The three human genes encoding TACC proteins are all in genomic regions that are rearranged in certain types of cancer, and their expression is altered in tumours from different tissues. TACC1, the first family member identified, was discovered as the product of a gene that is amplified in breast cancer (11) and more recently was also shown to be overexpressed in prostate cancer (14). TACC3 was identified independently as an Ah receptor nuclear translocator protein-interacting protein and a putative player in hypoxic responses (28), the product of an erythropoietin-induced gene in hematopoietic progenitors (29), and a Stat5-interacting protein in a yeast two-hybrid screen (30). TACC2 was identified independently in several laboratories and has been hypothesized to have several different biological functions. In one laboratory (22), a splice variant of the TACC2 gene was proposed to be a breast cancer tumour suppressor gene based on the observations that it was down-regulated in certain malignant cell clones and that when overexpressed in cell lines, it could suppress cell growth and metastatic properties (22). The TACC2 gene was also identified as a gene that is induced in cultured microvascular endothelial cells in response to erythropoietin (31) and proposed to be an important component in the control of blood vessel growth and development. The detection of interaction of TACC2 with the nuclear histone acetyltransferase hGCN5L2 led to the suggestion that it may function in the regulation of gene transcription (32), although TACC2 was suggested to form other complexes (33). It has also been considered that TACC2 lacks any critical, nonredundant functions due to a lack of any phenotypic changes when the TACC2 gene was deleted in mice (19).

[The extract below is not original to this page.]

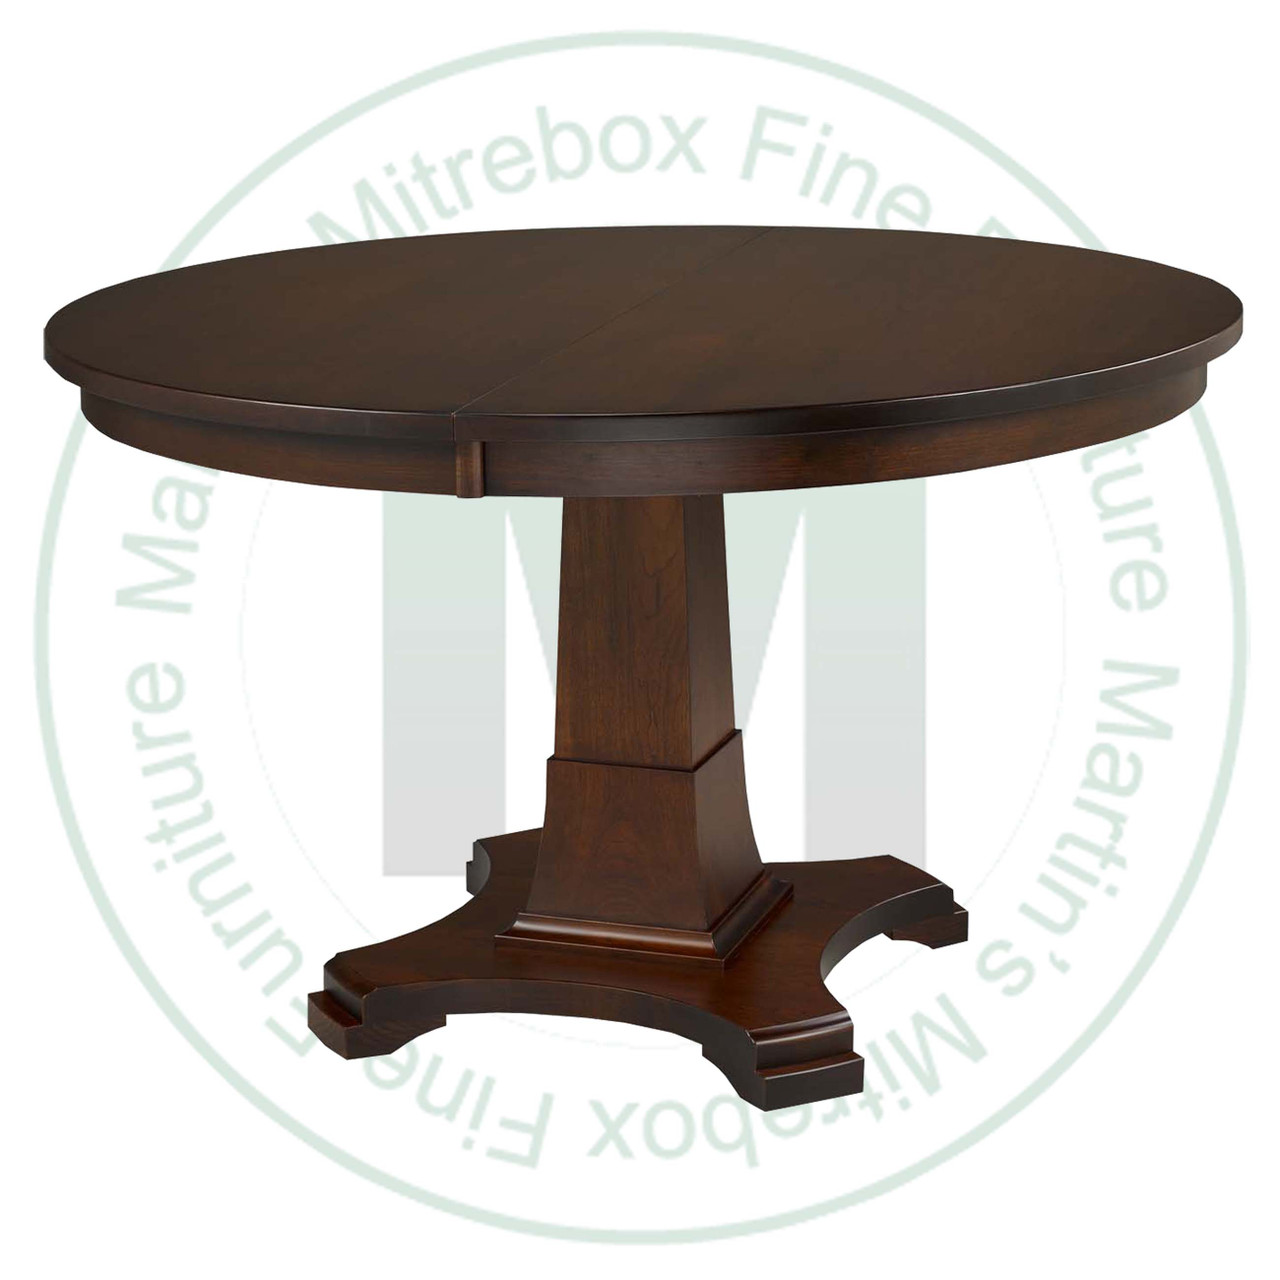 Maple Abbey Single Pedestal Table 60''D x 60''W x 30''H With 1 - 12'' Leaf. Table Has 1'' Thick Top

Although TACC2 has been suggested to be a possible metastasis suppressor, there is little evidence for this. The present study indicates that TACC2 may be an indicator of survival of patients with breast cancer, as patients with a poor prognosis expressed elevated levels of TACC2. TACC2 mRNA levels were dramatically increased in patients who died of breast cancer compared with patients who were alive and well. Our survival analysis also shows that over a 10-year follow-up, patients whose tumours expressed low levels of TACC2 were statistically more likely to survive, cancer-free, for longer than those patients with a high TACC2 level. These results demonstrate that the degree of TACC2 expression may be relevant in terms of breast cancer patient survival. In view of our data, we suggest that TACC2 acts as an indicator for breast cancer patients, in that patients expressing low/reduced levels of TACC2 have a poor prognosis, in contrast to those patients with high/elevated levels of TACC2 and a favorable prognosis. Although several observations indicated a contrasting role for TACC2 protein in processes underlying the development of cancer, our study provides new evidence that TACC2 may demonstrate an oncogenic role in modulating metastatic ability in breast cancer.

In conclusion, our study shows that TACC2 demonstrates the ability to modulate metastatic ability in breast cancer cells. We also report that TACC2 expression levels may act as an indicator of patient survival. Therefore, TACC2 has prognostic value for breast cancer patients.